Hub VV Drama HUB娛家戲劇台
- Country: Singapore
- Broadcast area: Nationwide
- Network: StarHub TV

Programming
- Picture format: HDTV 1080i SDTV 576i
- Timeshift service: VV Drama+3 娛家戲劇台+3

Ownership
- Owner: StarHub
- Sister channels: Astro Sensasi Hub Sports Arena Hub Sports Hub E City Hub Drama First

History
- Launched: 1 April 1992; 34 years ago
- Former names: VarietyVision (13 May 1992-31 May 1995) VarietyVision 1 (1 June 1995-31 May 2000) VV Drama (1 June 2000-31 December 2016)

= Hub VV Drama =

Hub VV Drama (formerly known as VarietyVision) is a Singaporean Mandarin-language television channel owned by StarHub TV. Its programming consists solely of drama series from Hong Kong, China, South Korea and Taiwan, dubbed or subtitled into Chinese.
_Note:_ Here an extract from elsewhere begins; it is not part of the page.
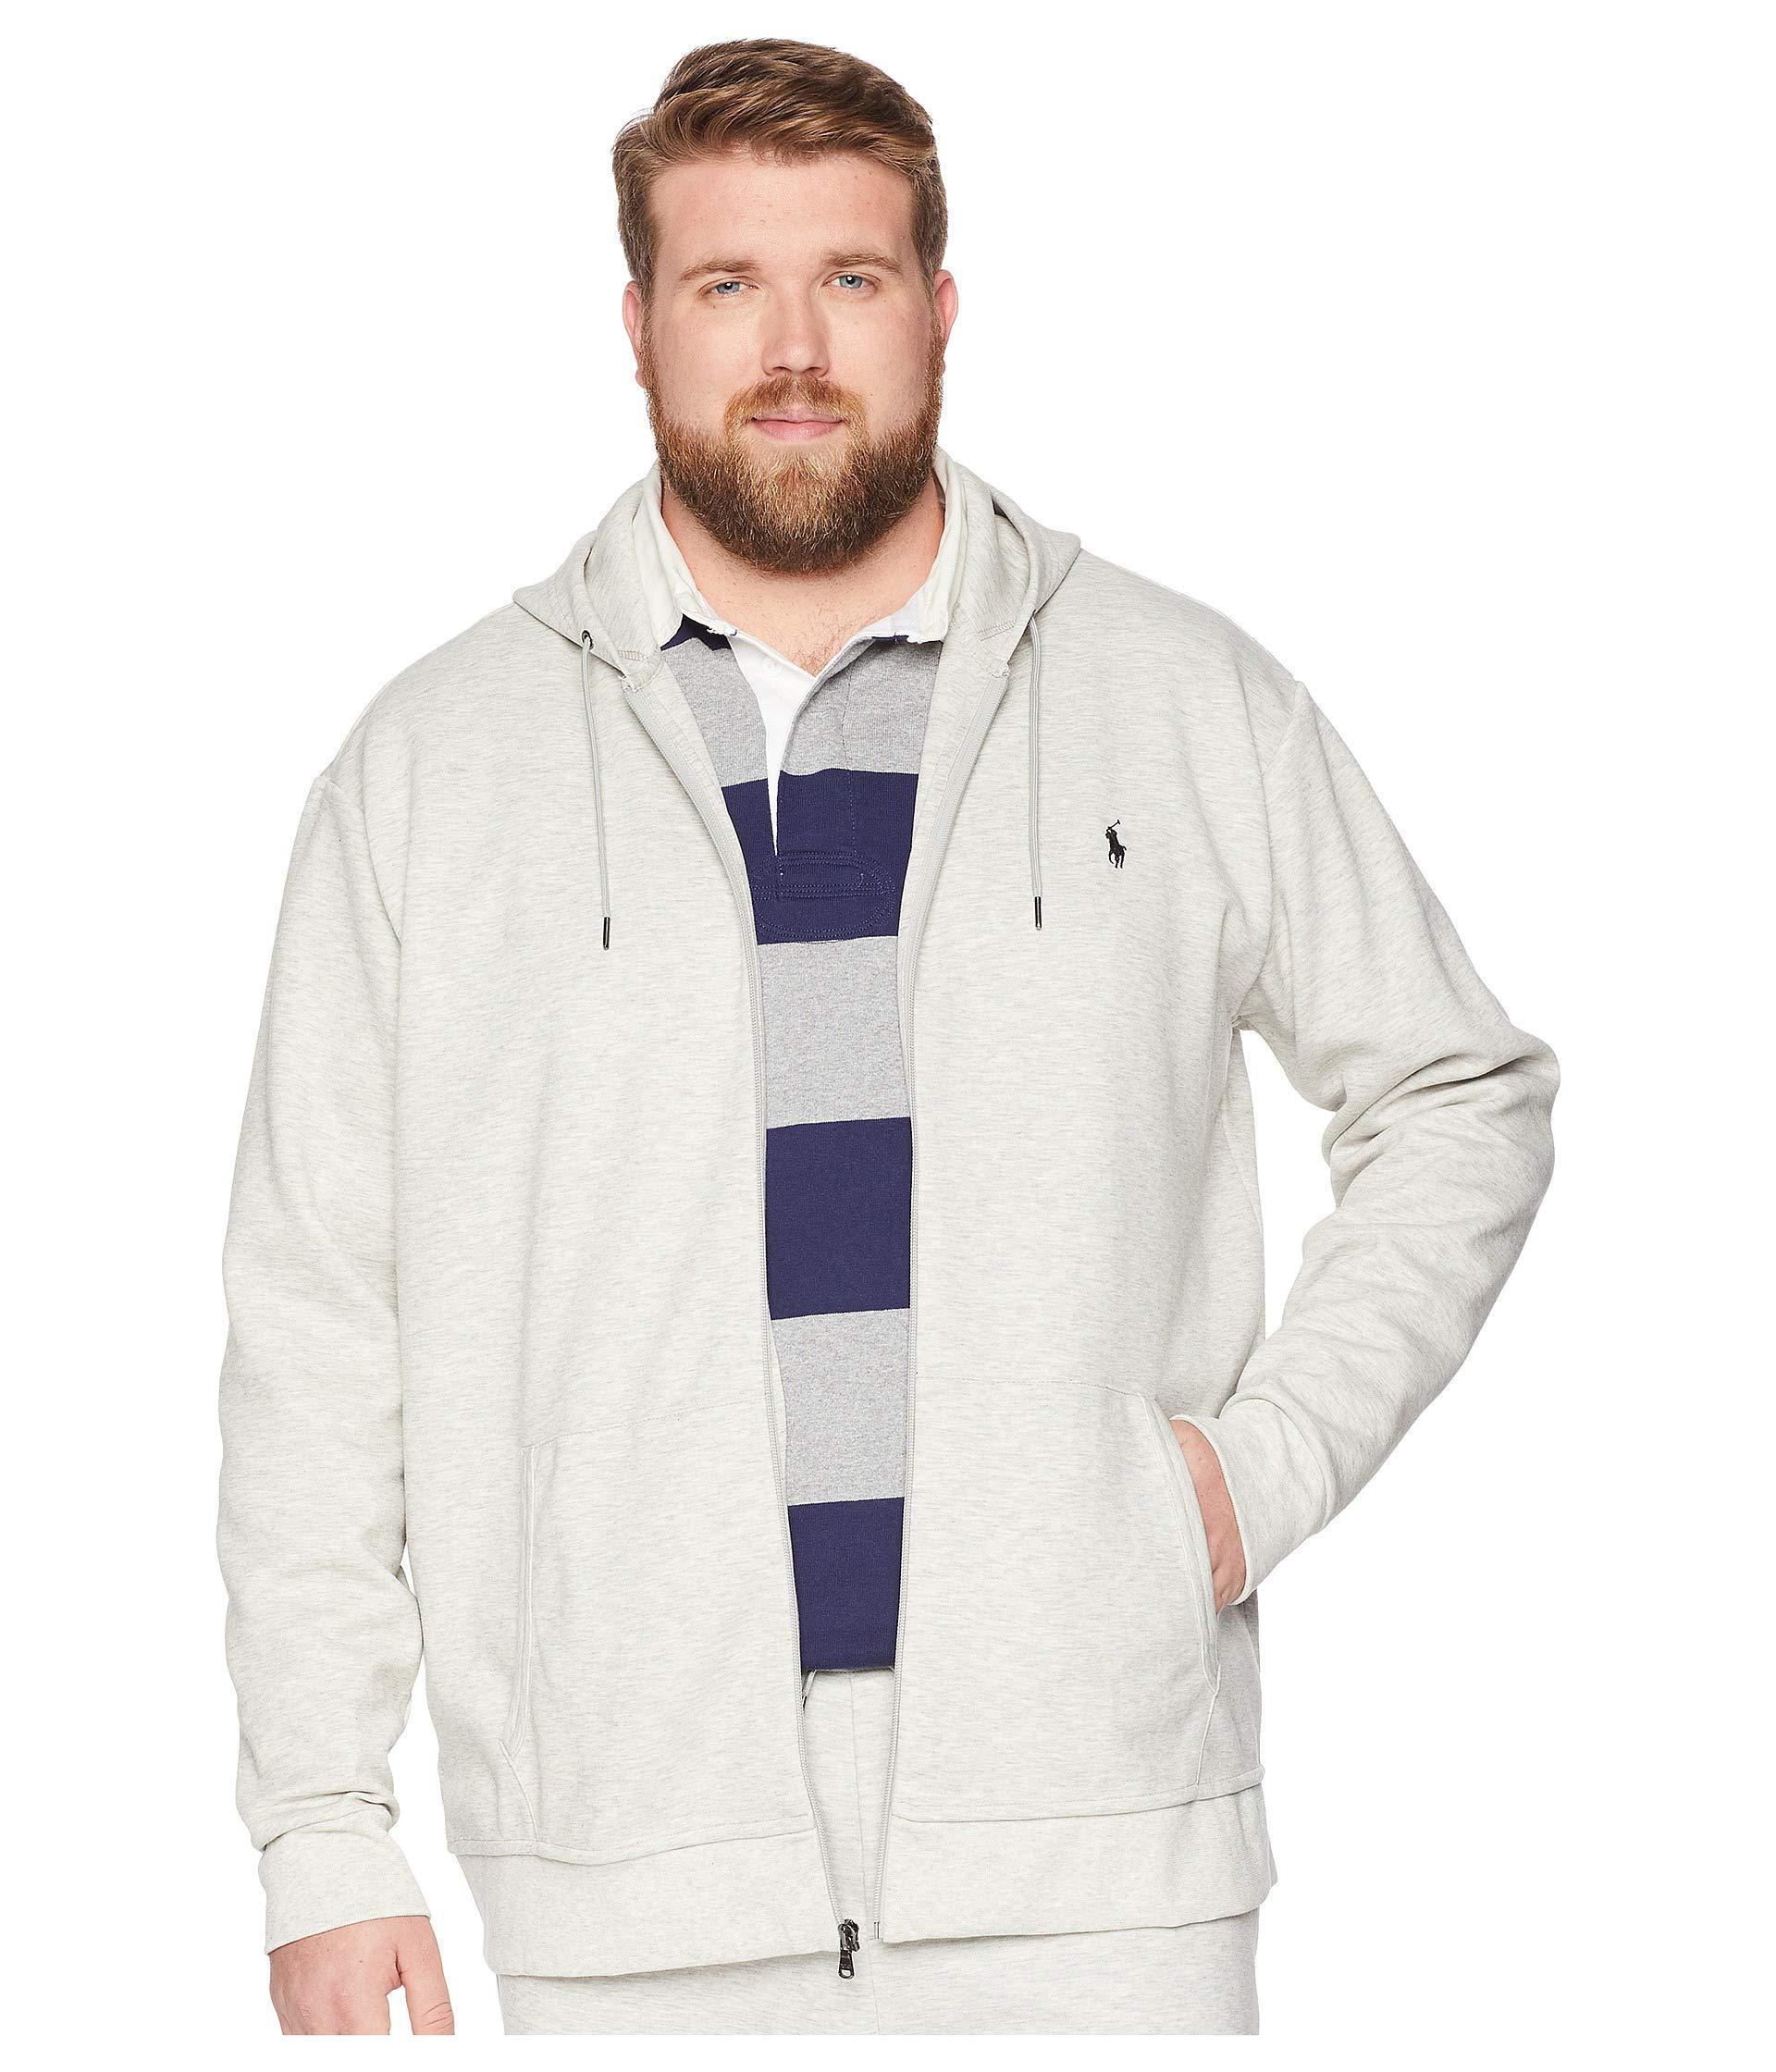 Lyst - Polo Ralph Lauren Big Tall Double Knit Full Zip (light Sport ... e70aa12fe

There are no commercial breaks during programmes. Up until 28 July 2015, it also had a 3-hour timeshift channel on channel 856.

This channel is owned by StarHub TV, alongside Astro Sensasi, Hub Sports Arena, Hub Sports and Hub E City.

This channel celebrated its 20th anniversary to new timeslots including a new Japanese drama timeslot on Friday at 22:30 SST.

==History==
VarietyVision launched on 13 May 1992 (pushed ahead from its prospective launch date of 1 June 1992). The channel initially broadcast eighteen hours a day every day of the week, except on Saturdays where it broadcast 24 hours. Content consisted of movies, documentaries, dramas and cartoons from suppliers from Taiwan, Hong Kong and mainland China.

== Commercial breaks ==
There are usually 1-minute commercial breaks in after the ending and before the beginning of each episode when 2 to 5 episodes of the same drama were broadcast back-to-back. Due to this scheme of not having commercial breaks during programmes, the show usually ends at about 45 minutes after the show has started to marks the end of the episode of each drama series, making the run of an episode faster than the typical one hour (60 minutes) including commercials.